---- DATA BLOCK
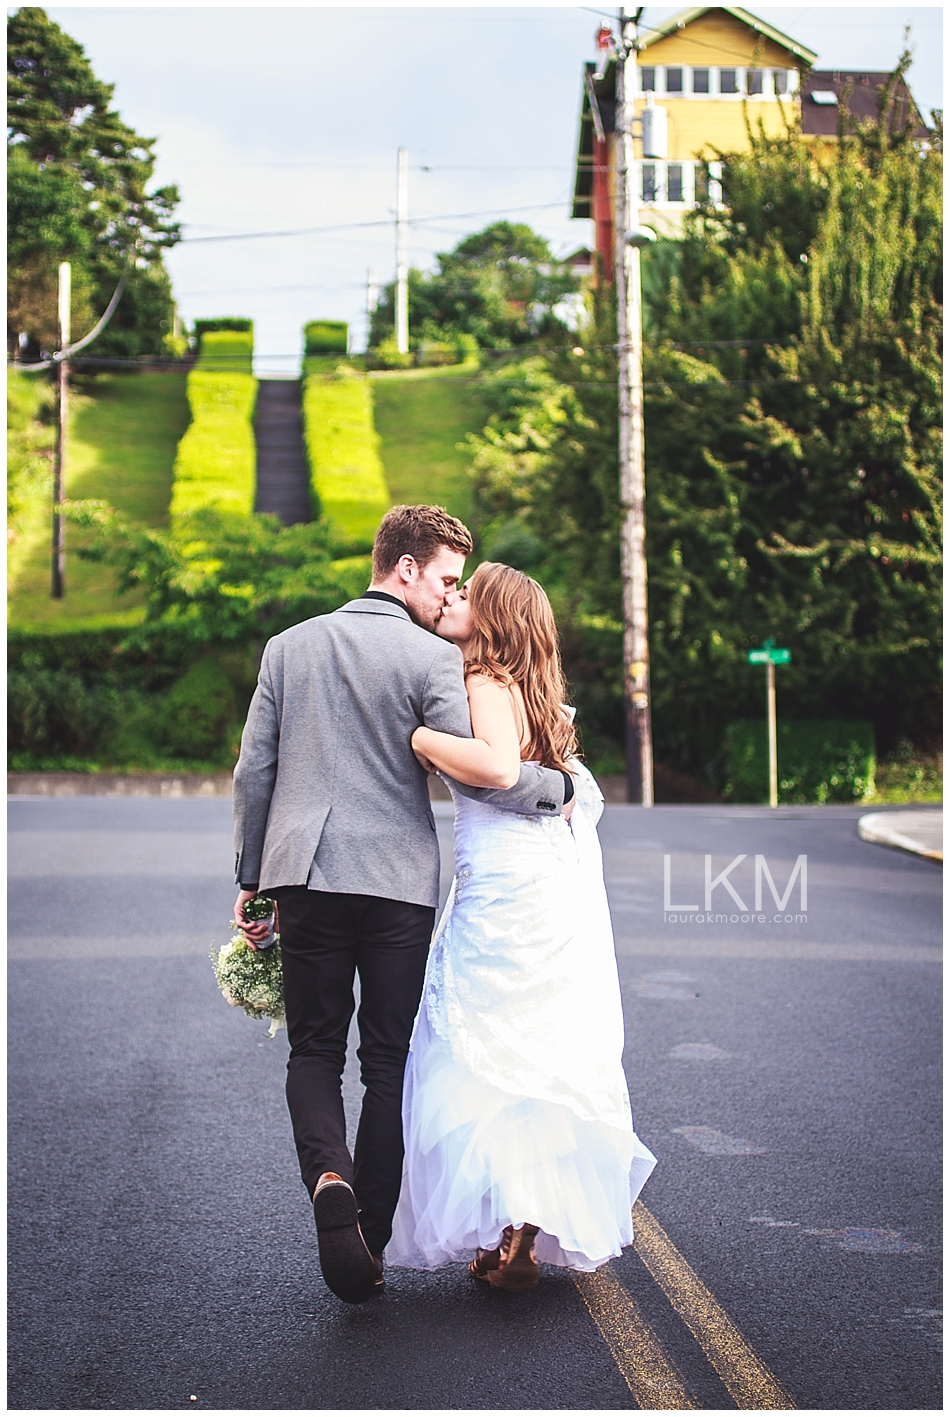 astoria-oregon-wedding-portland-laura-k-moore-destination-photographer-seth-joelle-weisser_0162.jpg
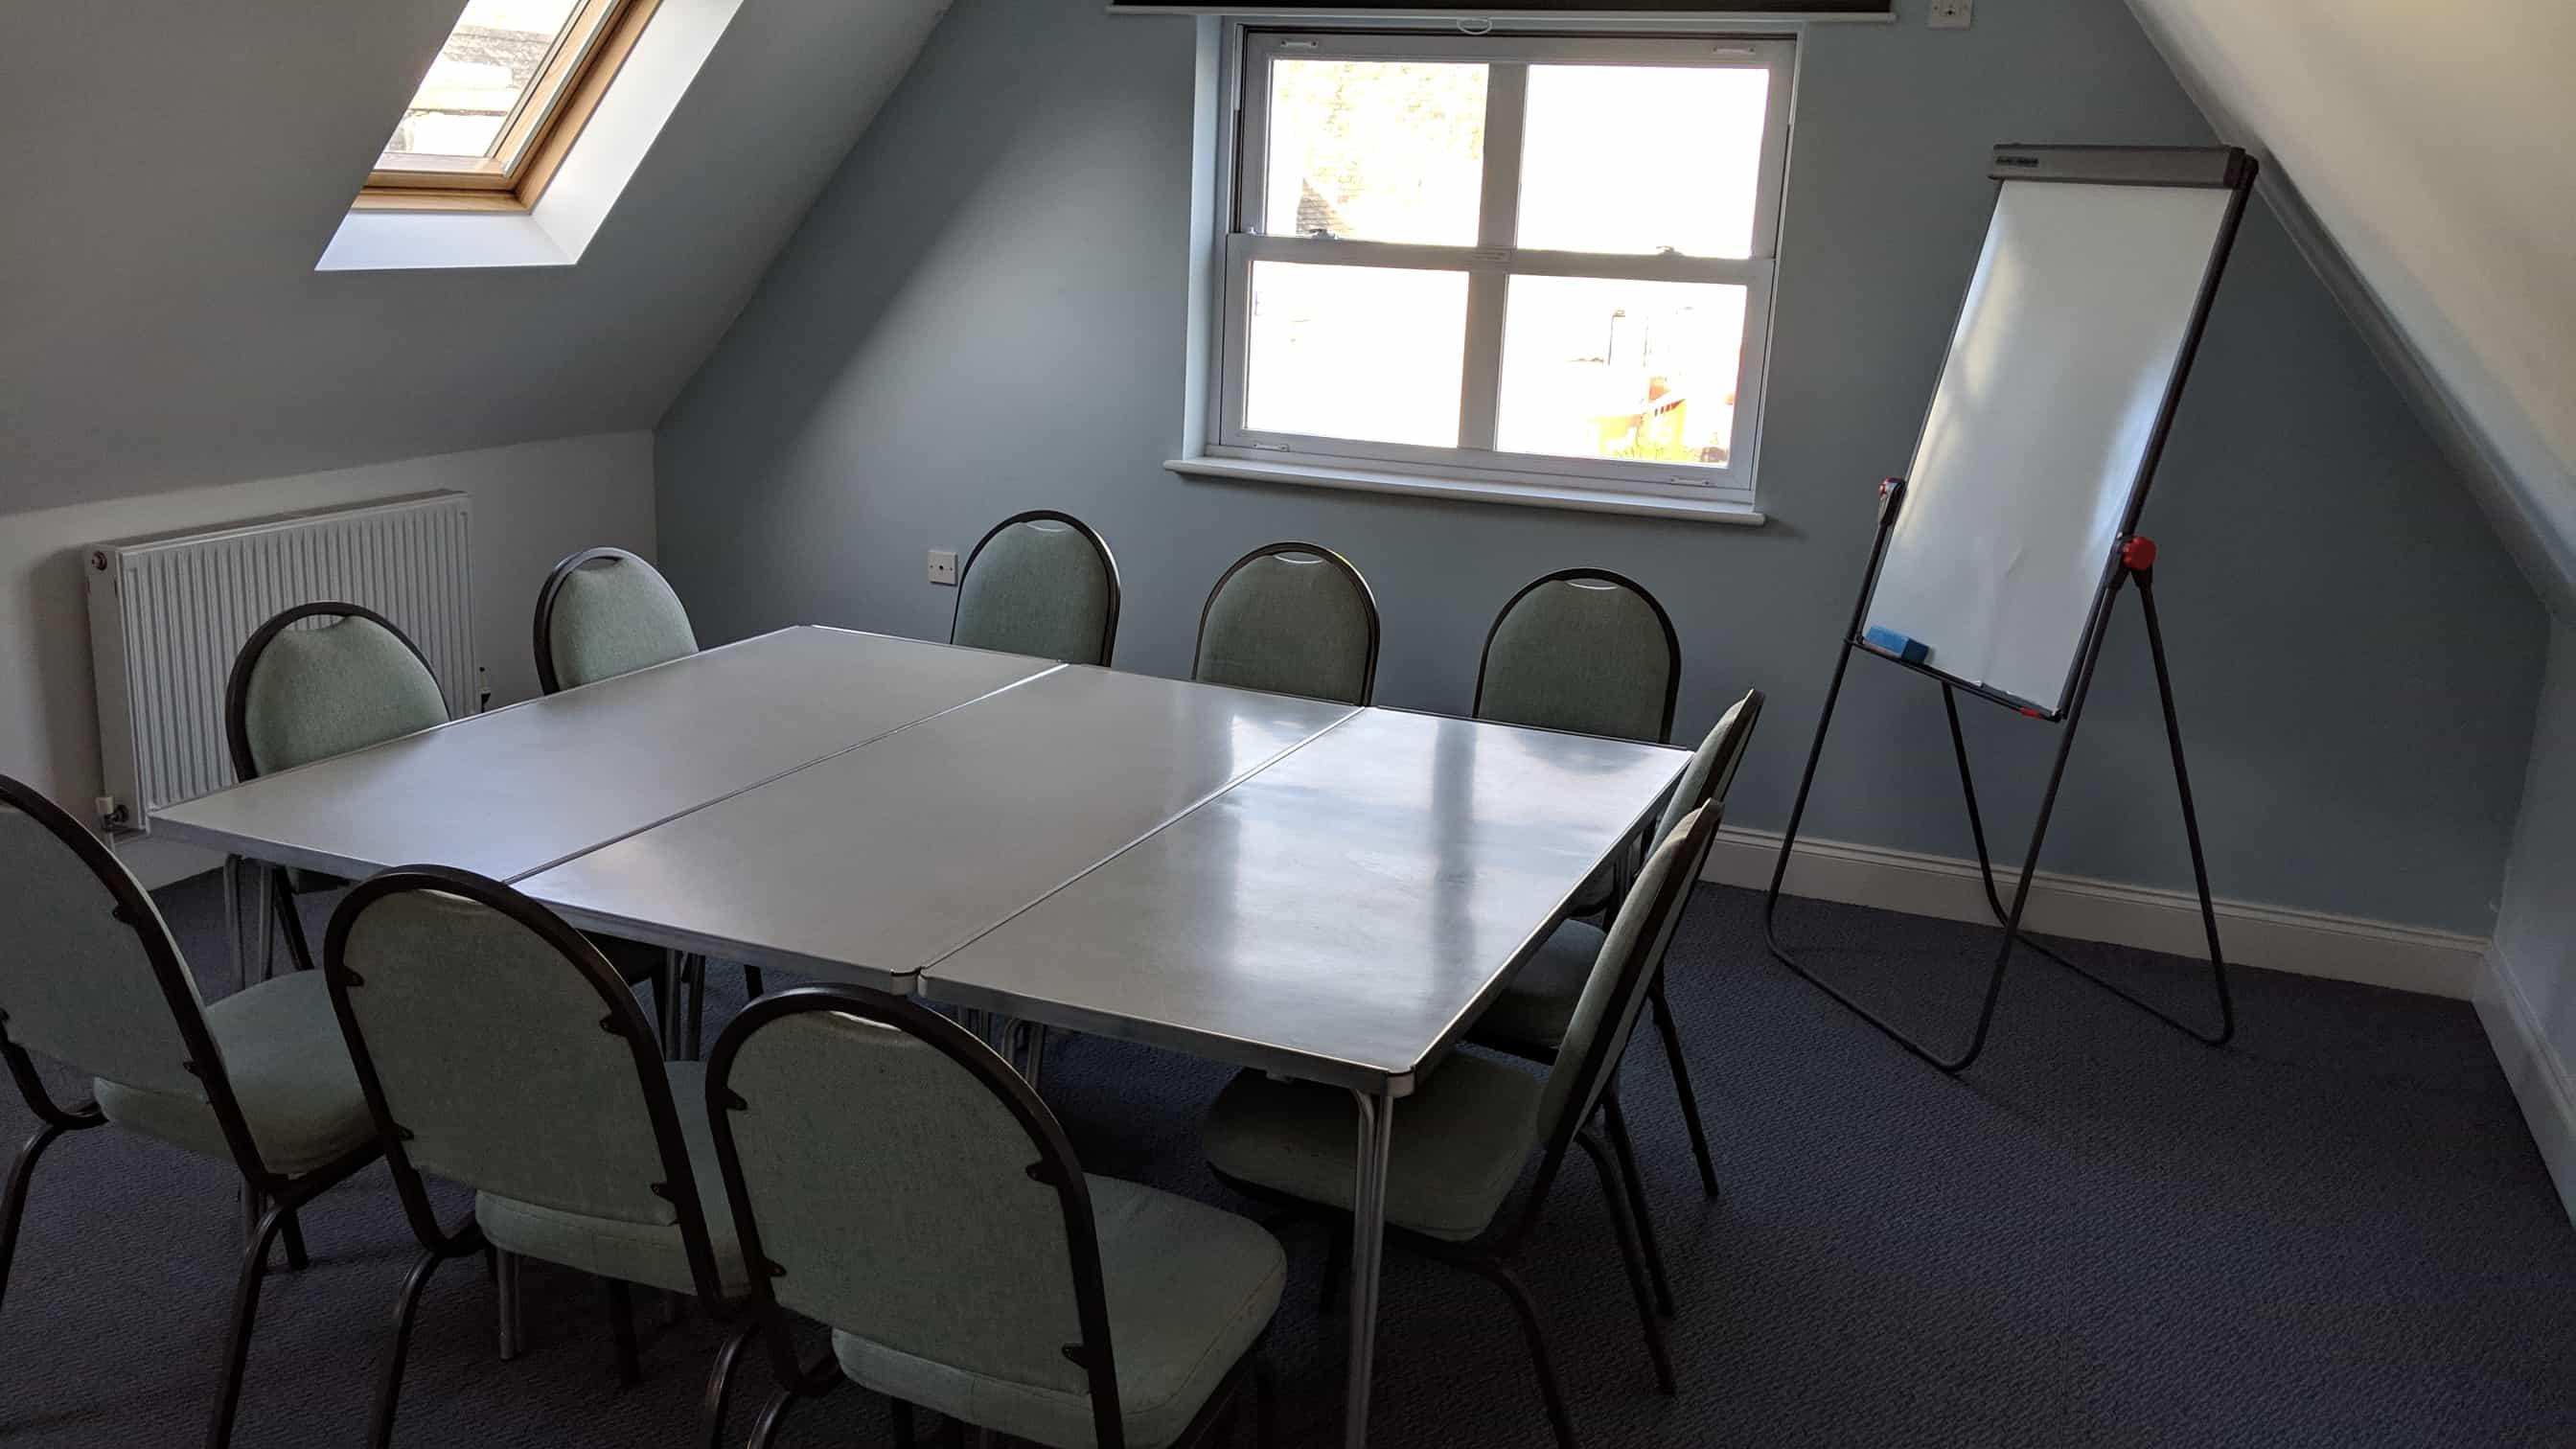 Treece Room
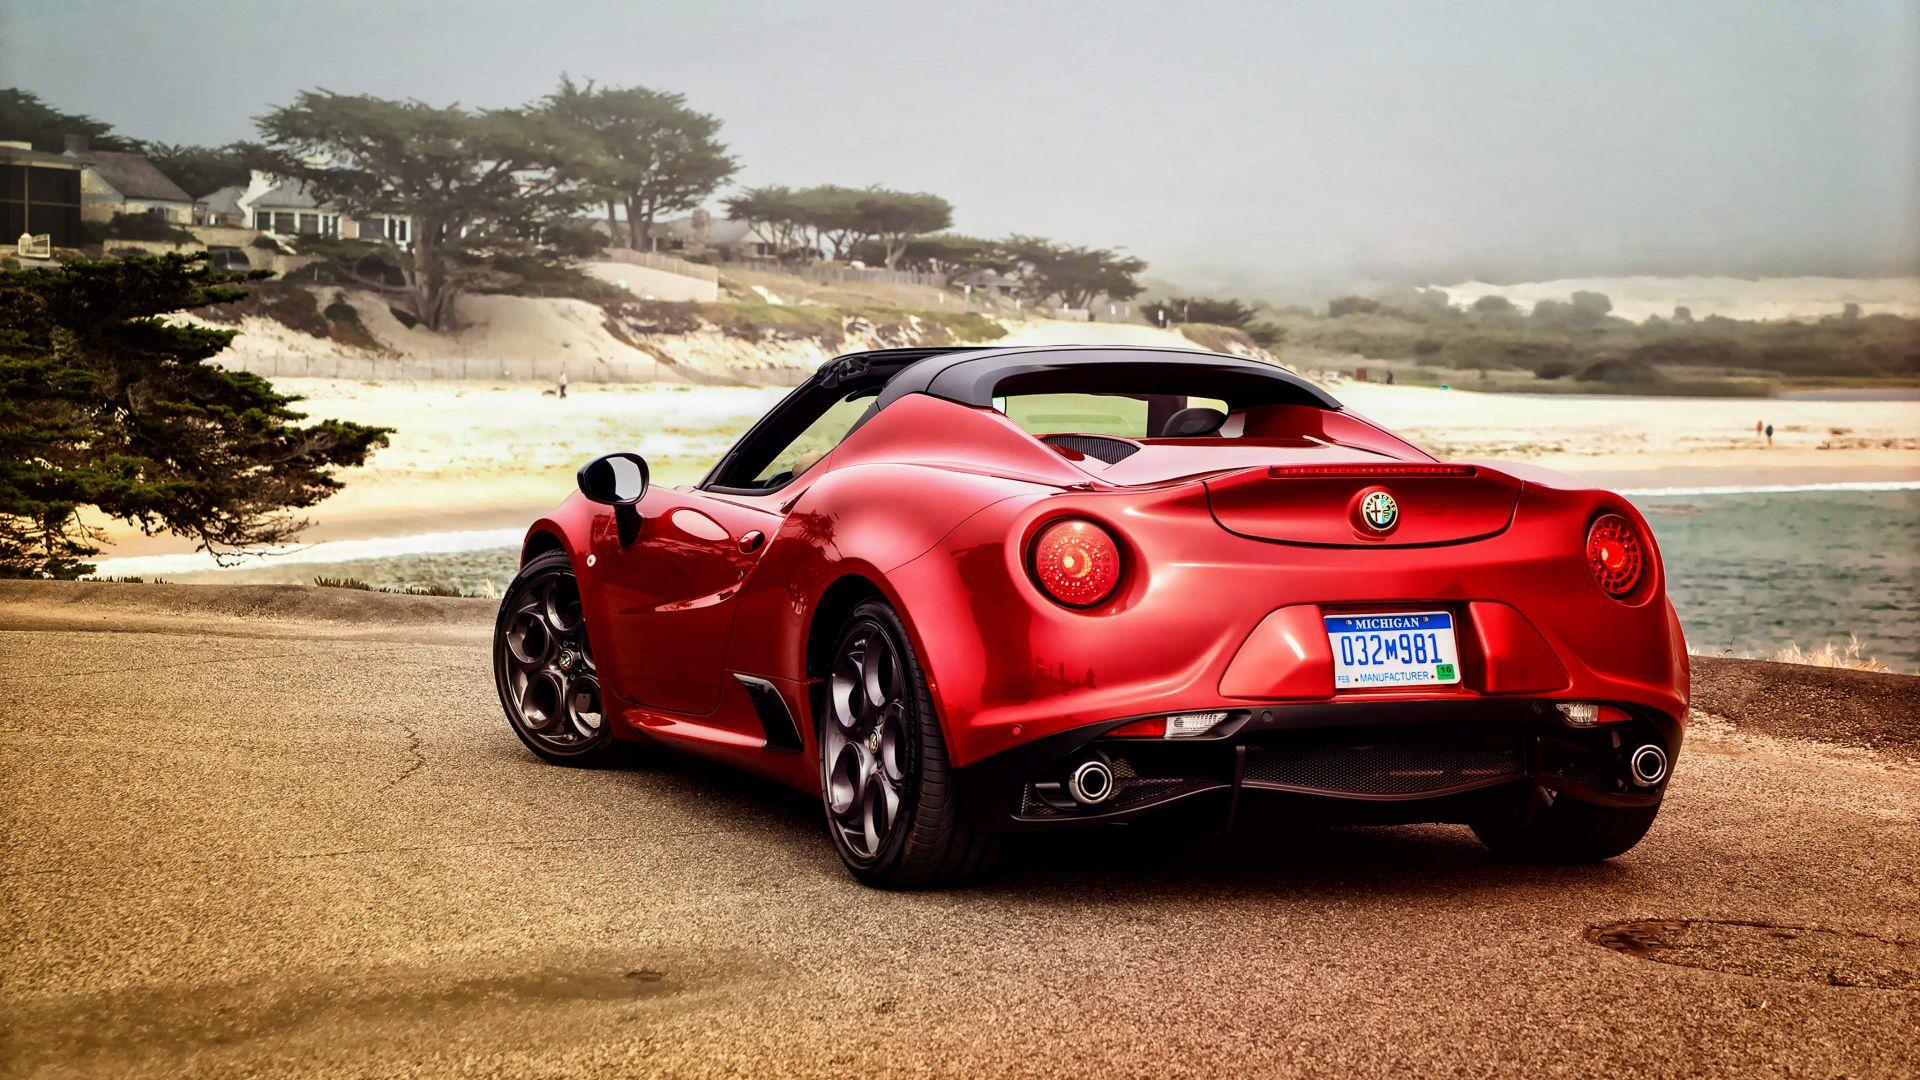 Wallpaper Alfa Romeo 4C Spider, Red car
--------
Type the listing above out again exactly, and omit all pictures.

 astoria-oregon-wedding-portland-laura-k-moore-destination-photographer-seth-joelle-weisser_0162.jpg
 Treece Room
 Wallpaper Alfa Romeo 4C Spider, Red car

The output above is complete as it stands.